* [Required action]
Scan the records below. Copy every line in which the word "Image" appears.

* [Exercise data]
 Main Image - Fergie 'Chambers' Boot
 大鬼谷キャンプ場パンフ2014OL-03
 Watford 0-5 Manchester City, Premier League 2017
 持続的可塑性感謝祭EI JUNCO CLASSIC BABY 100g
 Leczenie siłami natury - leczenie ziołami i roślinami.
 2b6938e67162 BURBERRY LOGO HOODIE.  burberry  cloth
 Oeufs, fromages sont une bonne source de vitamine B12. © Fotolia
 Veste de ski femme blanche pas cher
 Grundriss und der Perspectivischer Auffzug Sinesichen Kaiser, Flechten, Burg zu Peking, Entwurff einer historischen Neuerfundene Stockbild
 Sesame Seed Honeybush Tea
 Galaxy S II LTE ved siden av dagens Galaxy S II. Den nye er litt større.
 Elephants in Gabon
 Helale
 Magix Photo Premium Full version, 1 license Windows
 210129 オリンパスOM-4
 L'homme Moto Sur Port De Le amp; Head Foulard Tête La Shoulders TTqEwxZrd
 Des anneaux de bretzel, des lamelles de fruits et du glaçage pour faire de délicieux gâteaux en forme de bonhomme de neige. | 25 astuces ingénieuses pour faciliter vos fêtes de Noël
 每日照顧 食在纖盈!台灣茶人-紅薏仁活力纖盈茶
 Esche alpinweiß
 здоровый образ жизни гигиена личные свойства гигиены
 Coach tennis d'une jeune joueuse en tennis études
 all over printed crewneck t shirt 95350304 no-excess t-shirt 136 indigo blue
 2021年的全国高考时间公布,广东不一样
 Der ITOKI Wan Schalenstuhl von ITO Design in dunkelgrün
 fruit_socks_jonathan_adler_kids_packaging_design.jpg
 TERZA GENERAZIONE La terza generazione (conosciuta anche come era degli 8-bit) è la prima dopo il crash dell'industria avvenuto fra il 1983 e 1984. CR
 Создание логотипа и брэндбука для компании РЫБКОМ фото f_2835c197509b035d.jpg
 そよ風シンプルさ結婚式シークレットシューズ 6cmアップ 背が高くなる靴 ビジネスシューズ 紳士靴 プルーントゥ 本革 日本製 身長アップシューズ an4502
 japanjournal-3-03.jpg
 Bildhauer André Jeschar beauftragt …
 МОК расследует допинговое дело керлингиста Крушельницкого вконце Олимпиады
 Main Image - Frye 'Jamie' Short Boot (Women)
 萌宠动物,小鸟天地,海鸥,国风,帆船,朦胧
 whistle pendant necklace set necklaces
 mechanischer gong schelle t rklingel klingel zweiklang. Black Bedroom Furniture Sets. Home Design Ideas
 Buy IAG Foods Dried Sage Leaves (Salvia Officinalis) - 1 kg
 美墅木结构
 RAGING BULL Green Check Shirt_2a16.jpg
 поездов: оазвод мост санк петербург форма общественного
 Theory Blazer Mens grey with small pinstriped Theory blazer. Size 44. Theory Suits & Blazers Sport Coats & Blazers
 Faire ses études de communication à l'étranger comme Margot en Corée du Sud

* [Response for this exercise]
 Main Image - Fergie 'Chambers' Boot
 Main Image - Frye 'Jamie' Short Boot (Women)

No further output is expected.